Currently working on:
Fixing the recommendation scoring function. Right now it's giving hit or miss responses. I think the problem is with my cross encoder "reranker" is not doing its job the right way. I'll fix the passages it looks at when re ranking based on the query.
Also getting rid of the input box animation, lol. I've gotten flack for that on Reddit too. You should have seen the old site. It still renders that HTML on mobile.
It's still hugged-to-death so I can't see it, but based on responses, this looks extremely cool!
I know that monetization is a sticky topic for many people, so please don't be offended if this isn't something you're looking for, but I have a bunch of contacts in a major music streaming service's recommendation and personalization teams - if you'd like an intro to discuss this with them (either selling the idea/implementation, or using it as a resume-item for a job), drop me an email (in my about box).
I’d love to know at a high level how you went about implementing this. Is it just using OpenAI’s built-in music knowledge? Did you do any of your own classification?

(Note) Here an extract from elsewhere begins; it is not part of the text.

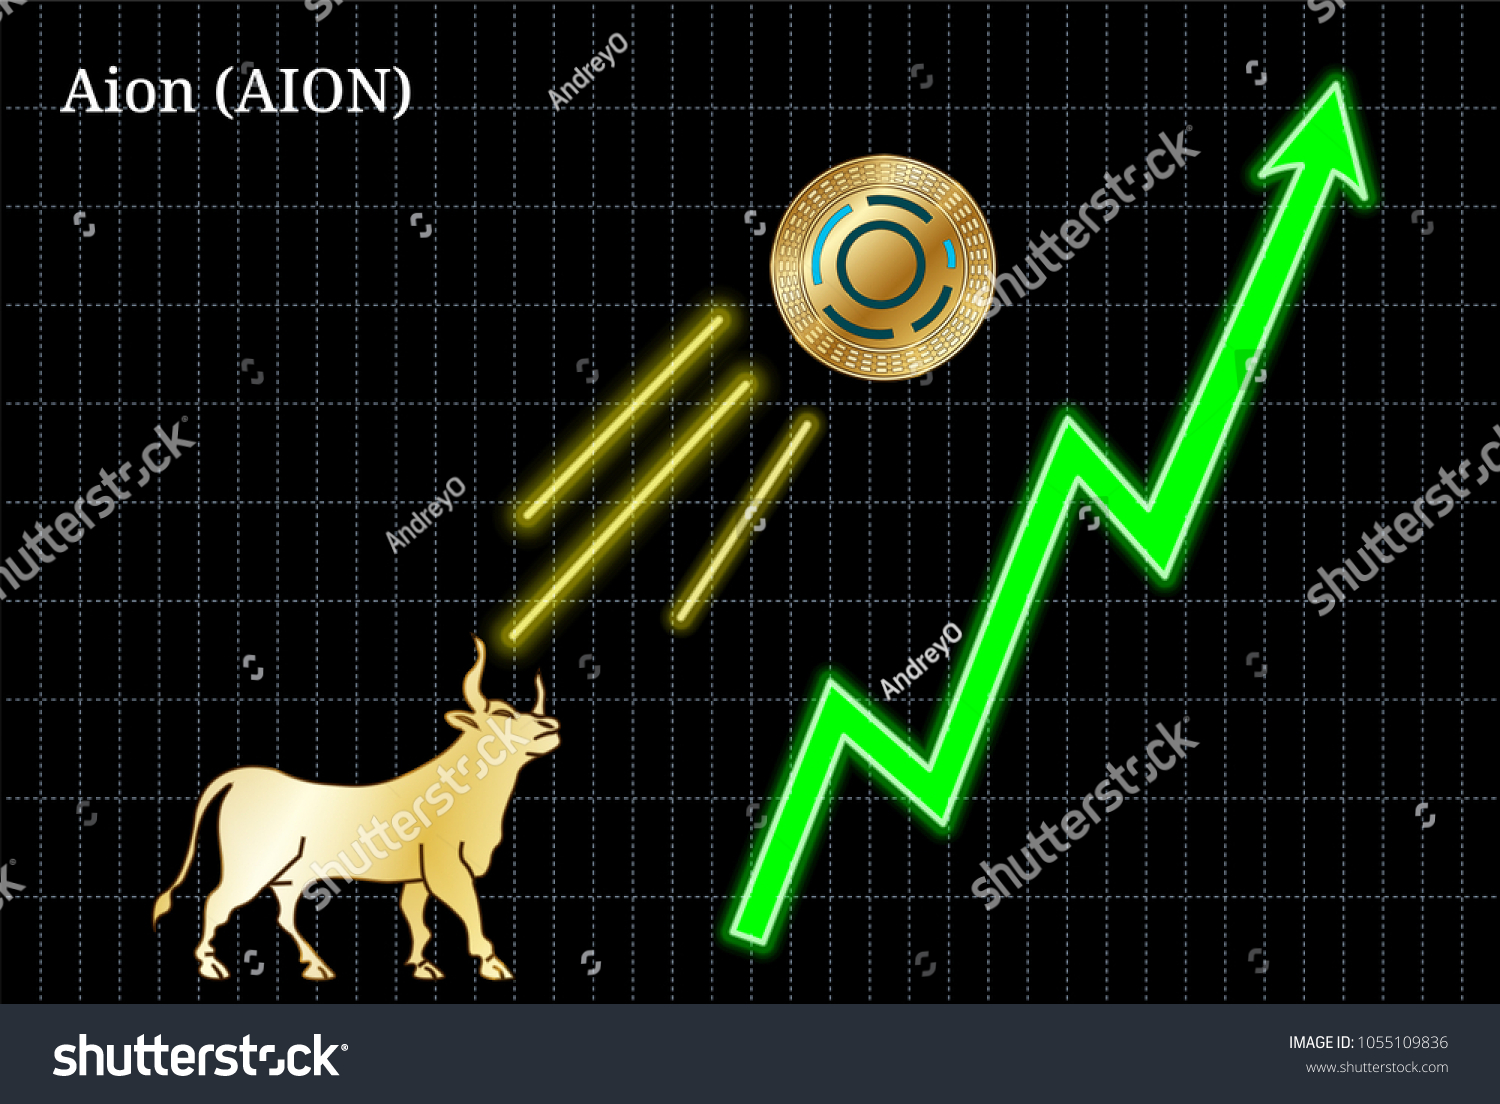 Aion Coin Chart

TLDR: Lots of musical metadata converted into paragraphs and the SentenceTransformers Retrieve & Re-Rank Pipeline.(https://www.sbert.net/index.html)
The sentence embeddings are calculated using a Bidirectional Encoder Representation Transformer (BERT) model. There's a pre-trained model for this network trained on over 1 billion sentences from the internet that is publicly available, (thanks Microsoft) . The model transforms your description into a 784-long list of numbers (a vector) that represents the contextual meaning of your sentence.

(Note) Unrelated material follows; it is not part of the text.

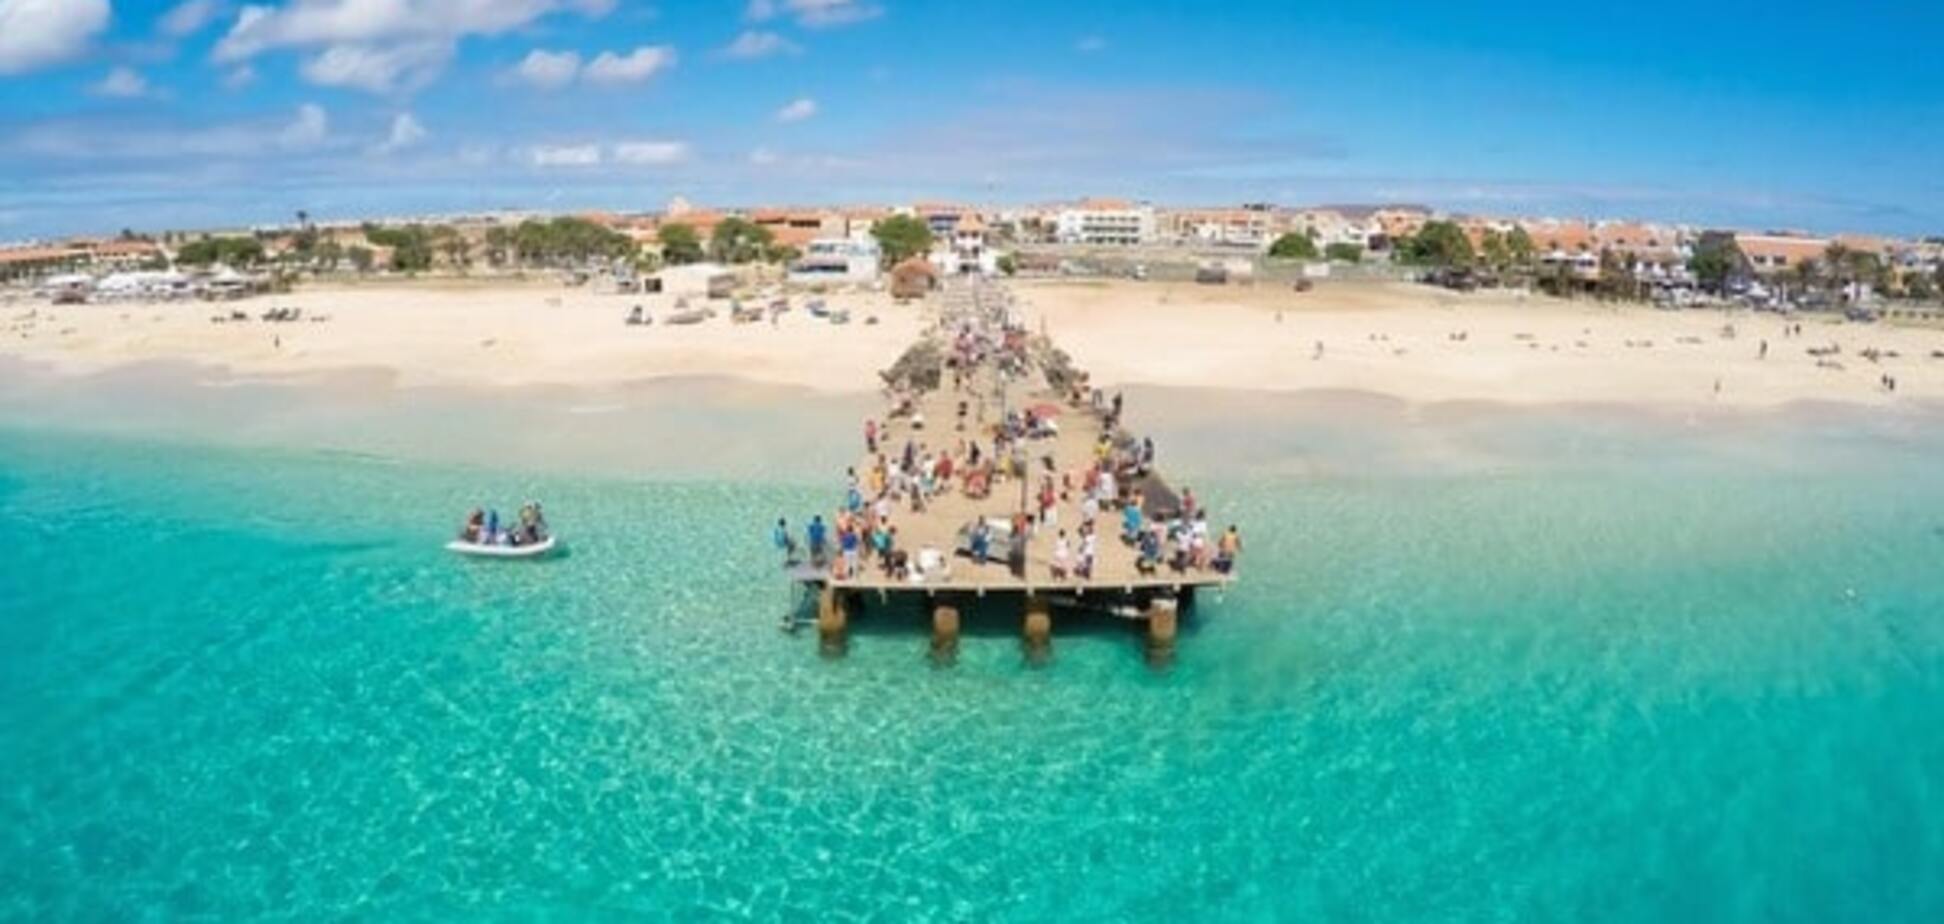 Найкращі пляжі світу: опублікована фотодобірка найпривабливіших місць для відпочинку

The model runs off a dataset of musical metadata for 35,000 songs. As a "chronically online music nerd", I knew where to find it. The metadata is very rich, it has a lot of useful columns like the genres, subgenres, and descriptions of tracks. The numerical data is binned into categorical values like "obscure" mapping popularity between 0 and 10, "highly danceable" mapping danceability between 80 and 100, etc. The text data is modified into a coherent sentence: "this song's main genres are _____. this song is from the 80s. this name of this song is lovefool by the cardigans. etc"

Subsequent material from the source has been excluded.